If the court finds the answer to those questions is yes, then the court will be asked to assign liability to the defendants – how much they owe in damages.
Though it’s been 10 years since the spill, and another year and a half to go before a judge begins to hear arguments, Aaron says the system is working – and that’s because of community strength.
“This is a story of the power of collective action,” he says. “The Slocan Valley is the perfect sociological substrate for class proceedings because it is a well-integrated community with a strong sense of common purpose, and quite a potent sense of activism and sense of entitlement.”
Anyone who owned, leased, rented or occupied a property in the evacuation zone (about one kilometre on either side of Lemon Creek and the Slocan River, including a section of the Kootenay River at its junction with the Slocan) are automatically part of the class action.

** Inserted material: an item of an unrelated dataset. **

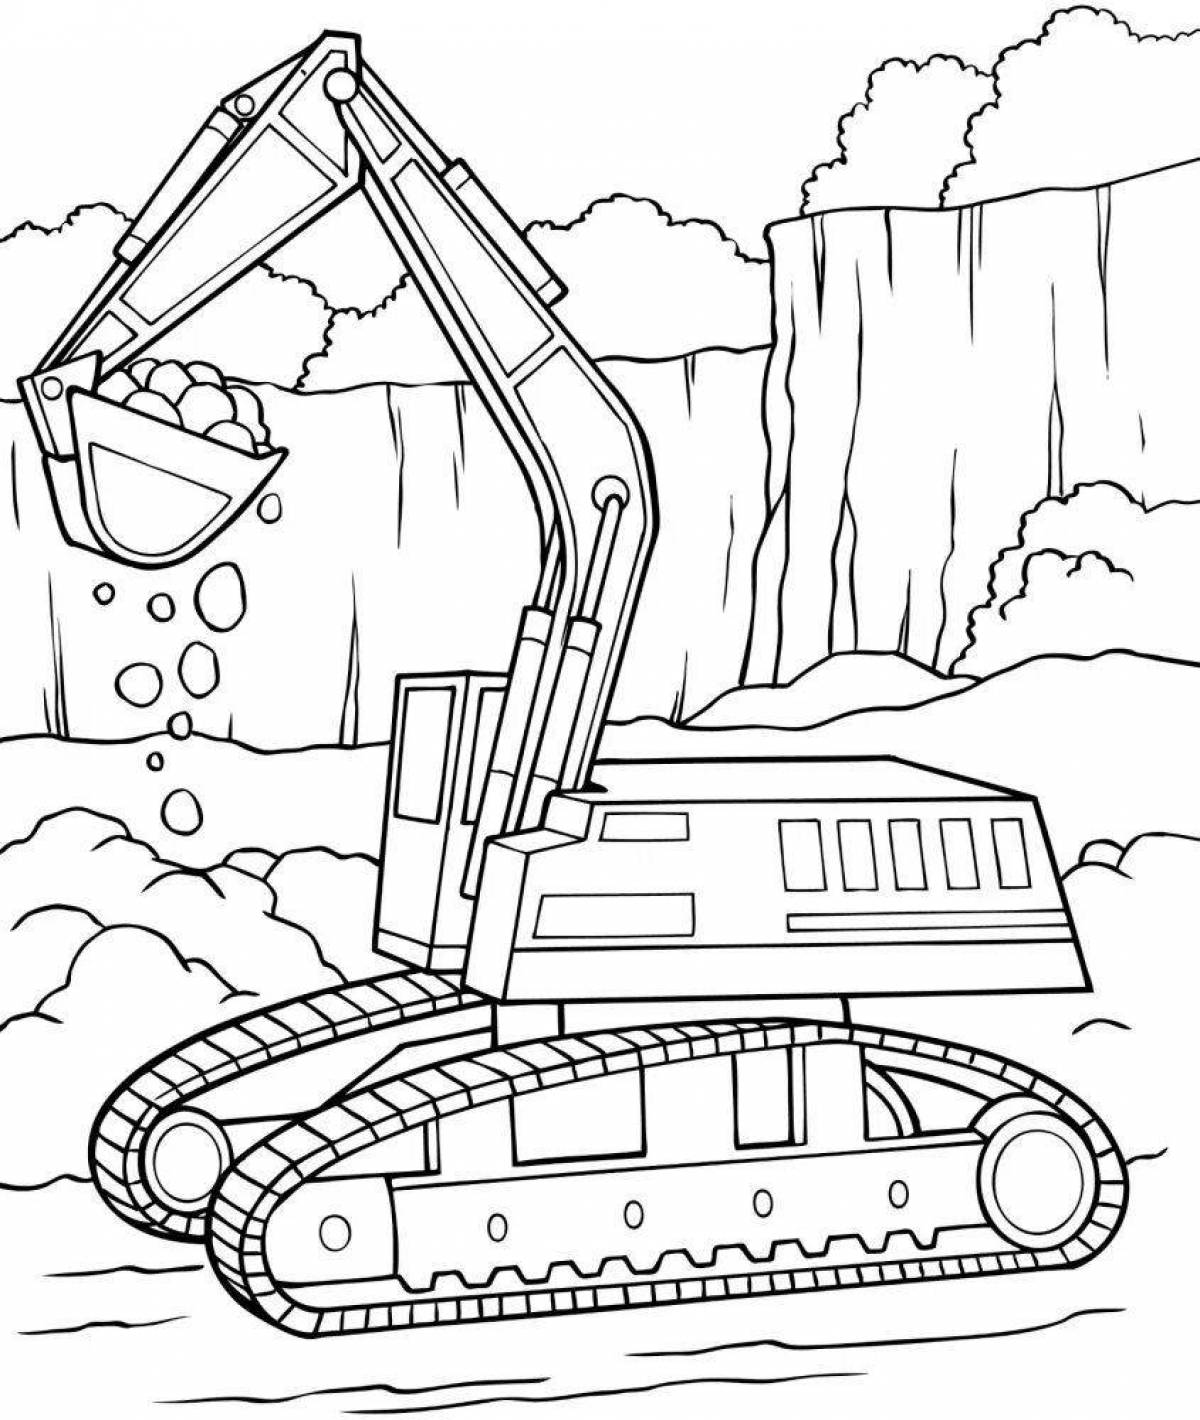 Colorful excavator coloring page for boys

They don’t have to do anything to be included. They won’t have to pay legal fees (which will come out of the settlement pot) nor would they be held liable to pay fees if the class action is lost.
Anyone who wants to fight the case on their own has to opt out of the class by notifying David Rosenberg, Aaron’s law partner and class counsel, by Aug. 31. Non-participants won’t be eligible for any compensation from a settlement should they opt out.
More information can be found by contacting email@example.com.
This isn’t the only potential class action suit. A separate action is being contemplated by a local farmer for personal injury as a result of exposure to the spill. That civil action has yet to be registered – it’s using the Kirk action as a “trailblazer,” Aaron says, to settle arguments of fact before proceeding.